On June 27, 2021, the piece in the New York Times Magazine ran, with writer Jon Gertner giving readers a look into the company’s inner workings as a leader in carbontech, also known as “carbon-to-value,” which involves the productive use of carbon dioxide. In the article, Gertner wrote:

“Interface requires a detailed accounting of the company’s renewable energy sources, exhaust fumes, supply chains and waste streams. Some of the immense machinery, akin to blocklong newspaper presses, where hot sheets of vinylized carpet filler are rolled out, now runs at lower temperatures to save energy.

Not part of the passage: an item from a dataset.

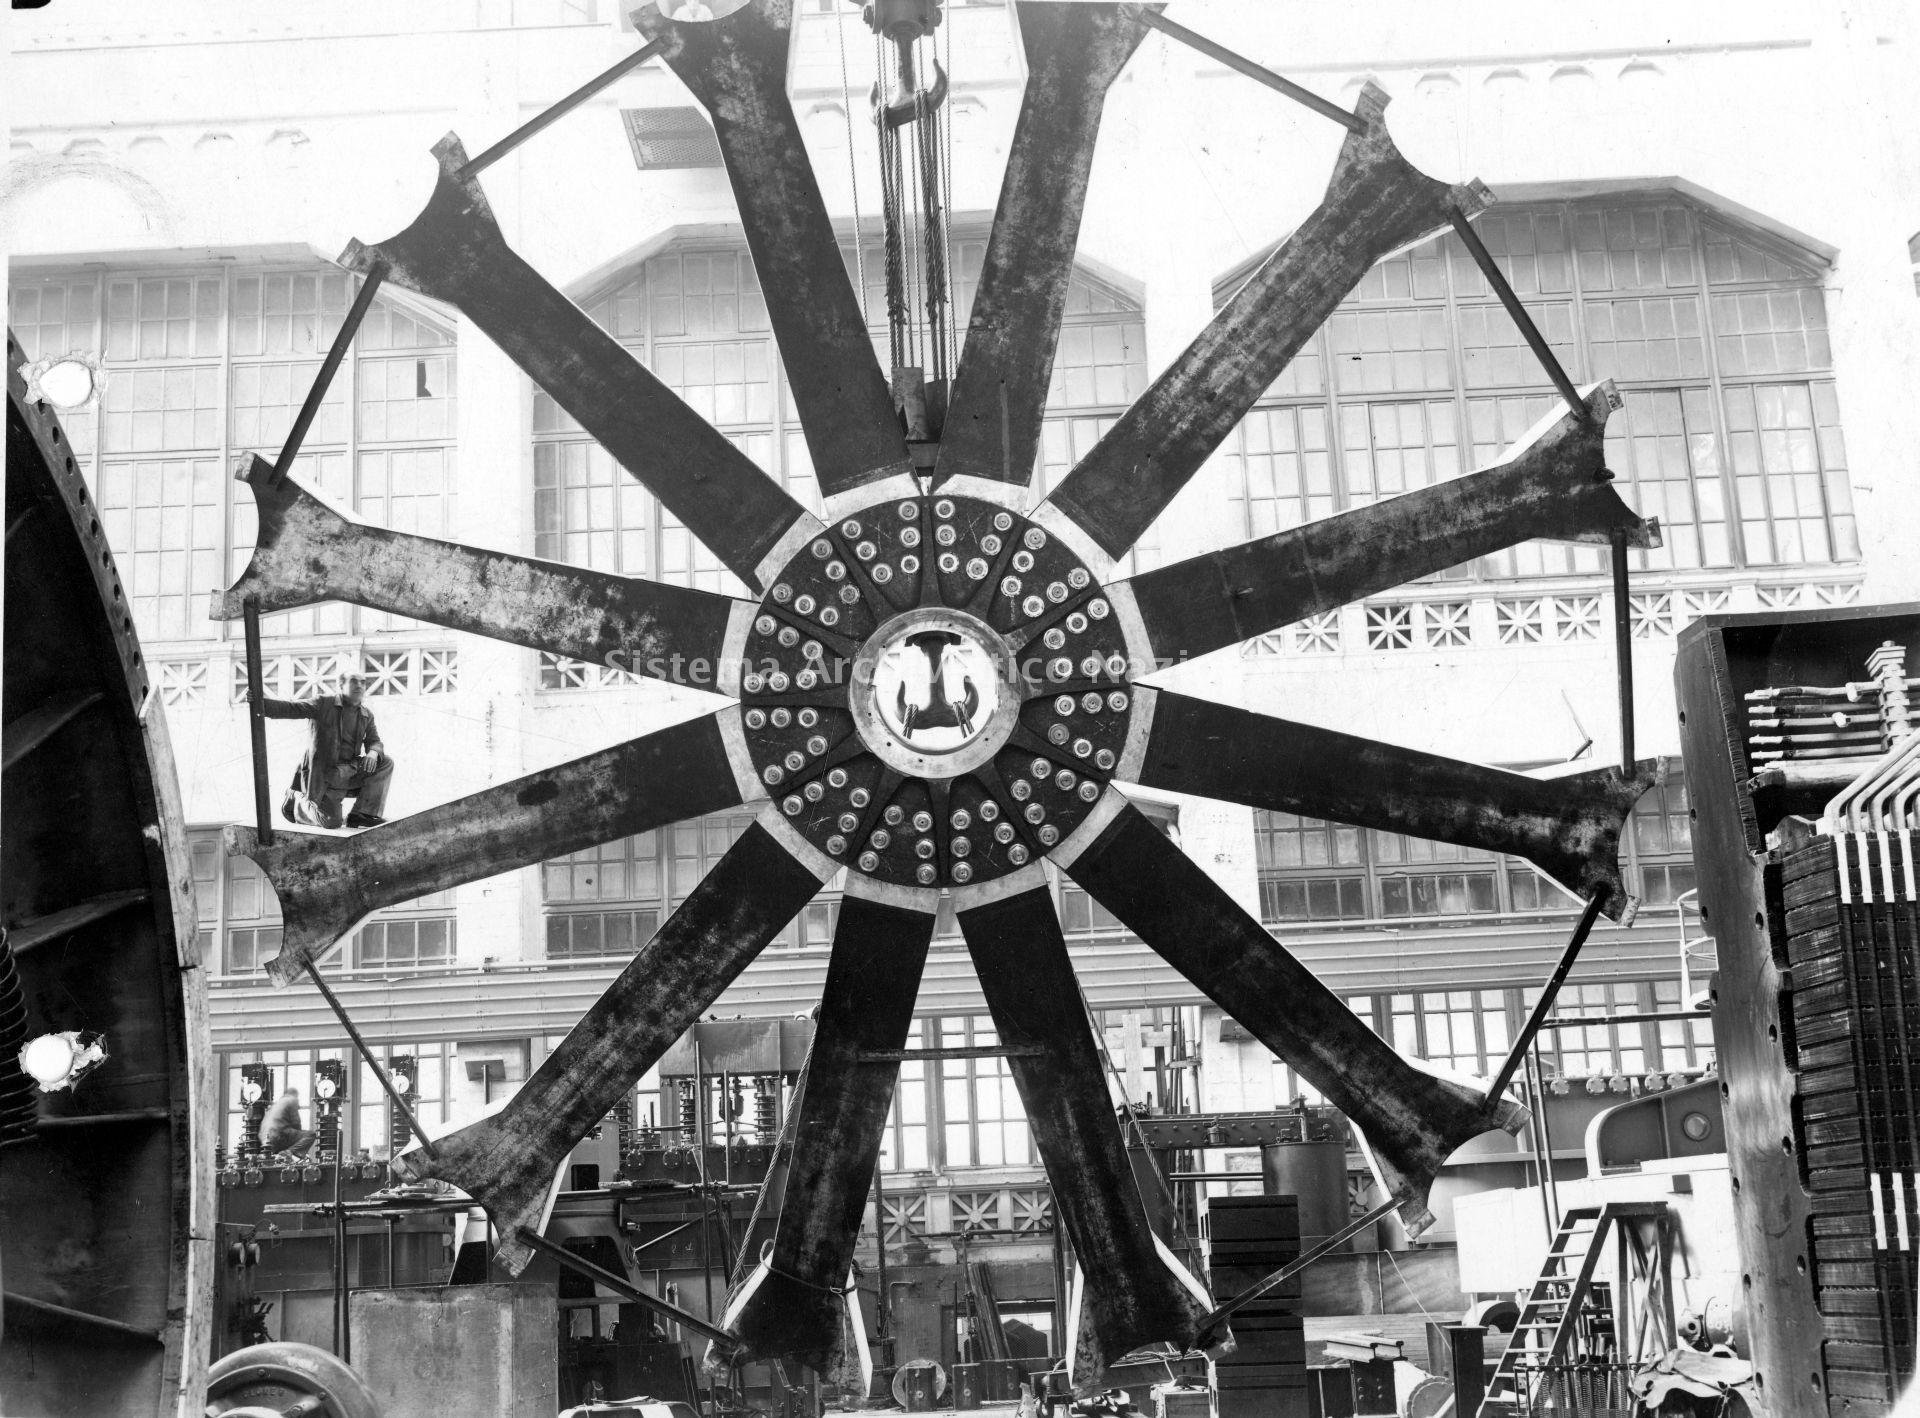 Cinema Industriale della LIUC

A short distance away, a recycling center the size of several gymnasiums was crowded with rows of fabric sacks overflowing with nylon filaments, rescued from factory trimmings, ready to be turned into the face cloth for new carpet… jumbo fabric shredders, extruders, hoppers and conveyors rumbled away… (in) the company’s design center, from floor to ceiling, in aisles resembling a supermarket that sold color rather than food, were huge spools of yarn, all recycled, in every conceivable hue.”

The goal is for Interface to be entirely carbon negative by 2040. The company continues to operate under the directions of its founder: “Get up and get going. There’s lots to do.”

—Teri Greene


Interface Highlights

1973: The company constructs its flagship manufacturing facility in LaGrange, Georgia. 

1982: Acquires Compact Carpets Ltd. in Belleville, Canada.

1983: Acquires Tufted Carpet Tile Ltd. (Tuca Tile) in Craigavon, Northern Ireland. The company once known as Carpets International-Georgia goes public and changes its name to Interface, Inc.

1984: Acquires Illingworth Morris and Bond Worth, forming Interface UK with the Northern Ireland facility.

1988: Acquires the Dutch manufacturing company Heuga B.V., becoming the world’s largest carpet
tile manufacturer. 

1995: Begins reclaiming and recycling carpet tiles through the ReEntry program..

1996: Begins Manufacturing in Chonburi, Thailand. In 2007 this plant became the first LEED certified building in Thailand.

1997: Publishes the first corporate sustainability report. Acquires Carpet Solutions of Australia.

1998: Ray Anderson’s book “Mid-Course Correction: Toward a Sustainable Enterprise: The Interface Model” is published. David Oakley explores biomimicry — considering natural systems to solve
human problems — in carpet tile design. Entropy, a carpet tile inspired by biomimicry, becomes a best-selling product. 

2001: GlasBacRE — tile with a recycled content backing and created with layers of recycled content
vinyl — is launched. 

2002: Interface donates 72,000 carpet tiles to Auburn University for use as insulated walls for Lucy’s House, a project by Professor Samuel Mockbee and his architecture/design students. Cool Carpet, the first carbon offset program for carpet tiles, is introduced. 

2003: TacTiles glue-free installation system is introduced, with a 90% lower environmental footprint than traditional flooring adhesives. 

2007: Anderson receives Auburn University’s International Quality of Life Award and is named one of Time magazine’s Heroes of the Environment. Anderson’s second book, “Confessions of a Radical Industrialist: Profits, People, Purpose — Doing Business by Respecting the Earth,” is published.

2011: Manufacturing begins at Interface’s facility in Taicang, China. This earns LEED ID+C: CI Platinum certification for the offices. 

2012: Interface invests in Net-Works, a business model that turns discarded fishing nets into 100% recycled content, protecting marine animals and providing supplementary income for community members. 

2013: Interface Thailand’s yarn waste becomes raw materials for stuffed animals that community members make and sell as an additional source of income. 

2016: Interface’s new mission, Climate Take Back, focuses on creating a climate fit for life.

2018: Interface opens its new global headquarters in Atlanta, known as Base Camp. 

2018-19: Interface introduces Carbon Neutral Floors, which offsets carbon emissions of all Interface carpet tile and LVT products globally. In 2019, the company’s nora rubber flooring is included so that all Interface flooring is carbon neutral. Interface celebrates Mission Zero success and releases its 25th Anniversary Sustainability Report.